Visa transfers 2,000 transactions per second, whereas Bitcoin transfers 7 transactions per second. If bitcoin wants to establish itself as a currency that can be used daily by 7bn people worldwide it needs to scale up. What can to be done for Bitcoin to scale up its transaction processing volume?
- Do nothing. Since the popularity of Bitcoin is growing, the demand for transactions is growing. Since there is more demand than capacity, and the miners are processing first the transactions which offer a higher transaction fee, the cost of sending money with Bitcoin is going up. Currently an average bitcoin processing fee is 101,700 Satoshis, which is worth 2.5 USD. This means that paying for a cup of coffee with Bitcoin would cost another cup of coffee in payment fees. This also means that the backlog of unprocessed transactions is growing. At the time of writing this there are 507 unconfirmed transactions. At a rate of 7 transactions per second, if no more transactions are received, it will take 2.20 hours to confirm the backlog. Imagine having to wait 2.20 hours for your coffee payment to go through.. doing nothing does not seem like a viable option.
- Increase the block size. By design, Bitcoin generates one block every 10 minutes. This block can fit in as many transactions as possible as long as it’s size is below 1MB. One simple solution would be to increase this 1MB limit to 20MB for example. This would fit many more transactions per block, and the speed at which transactions are processed would increase. Bitcoin Improvement Proposal BIP100 describes this. The problem with this increase is that larger blocks would make full nodes more expensive to operate, which would decrease decentralisation as some nodes would no longer be able to bear the cost. A hard fork would be needed, risking splitting bitcoin in two cryptocurrencies, and all of this would not give a final solution, as the block size would need to increase periodically to support all the world’s future transactions. Off-chain transactions would be the only long-term solution.
- Use each block more efficiently.
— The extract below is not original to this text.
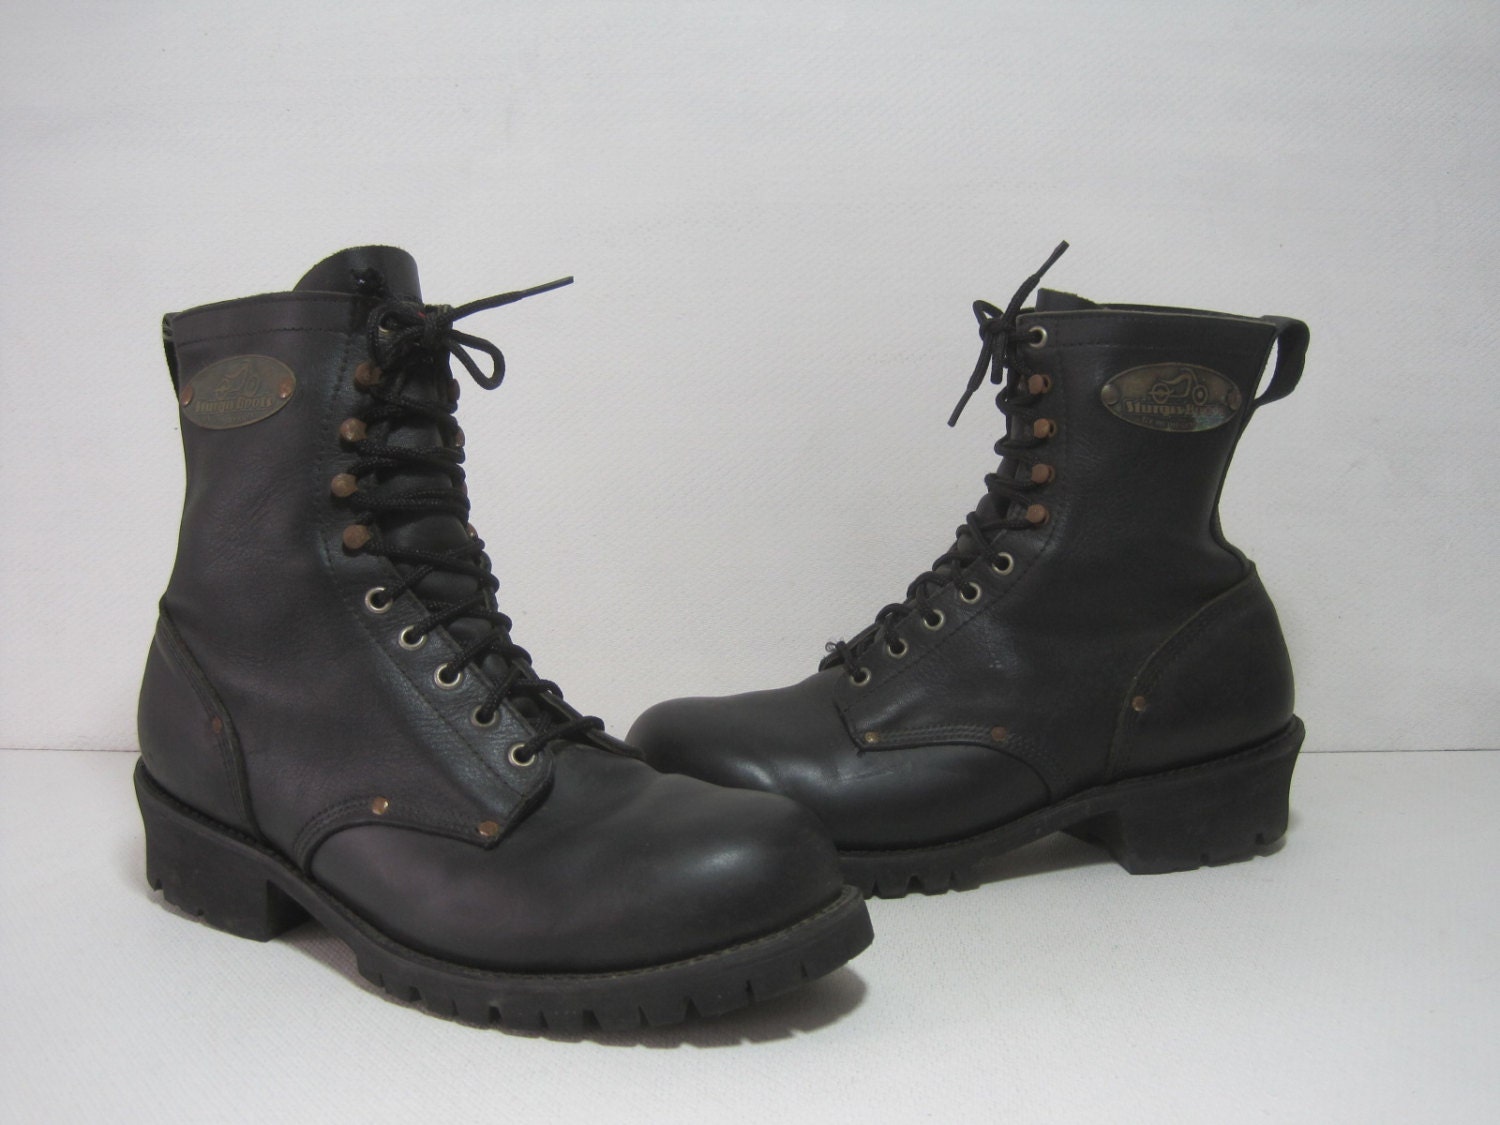 STURGIS BOOTS by Weinbrenner Motorcycle Biker Road Boots Size:

In December 2015, at the Hong Kong Bitcoin Scaling event, Pieter Wuille introduced the idea of Segregated Witness, a modification to bitcoin which would reduce the amount of information needed for each block. This freed-up space could be used to introduce more transactions per block. The advantage of this approach is that it can be done with a soft fork minimising the risk of splitting bitcoin into two cryptocurrencies.
- Minimise the number of on-chain transactions. Joseph Poon & Thaddeus Dryja wrote in January 2016 the Lightning network whitepaper. This would enable minimising the number of transactions that need to go into the blockchain by adding a layer on top which would create one to one payment channels. These payment channels which would be fully collateralised IOUs between counterparties would form a network with which a payment could be routed. This is similar to the concept that Ripple is using, which in turn is similar to the concept of correspondent banking.
A heated debate has split the Bitcoin community for the last year. Developers, miners, markets and users could not agree on how to solve the problem, as every option had risks.
At the Consensus 2017 Conference an agreement seems to have been found. The option agreed is to implement Segwit with a 2MB block. Although even after this middle ground has been found, heated debate goes on.
Hopefully the bitcoin community will be able to find a way to find consensus, not only in the blockchain, but also in the way to evolve in order to meet the challenges that will be found.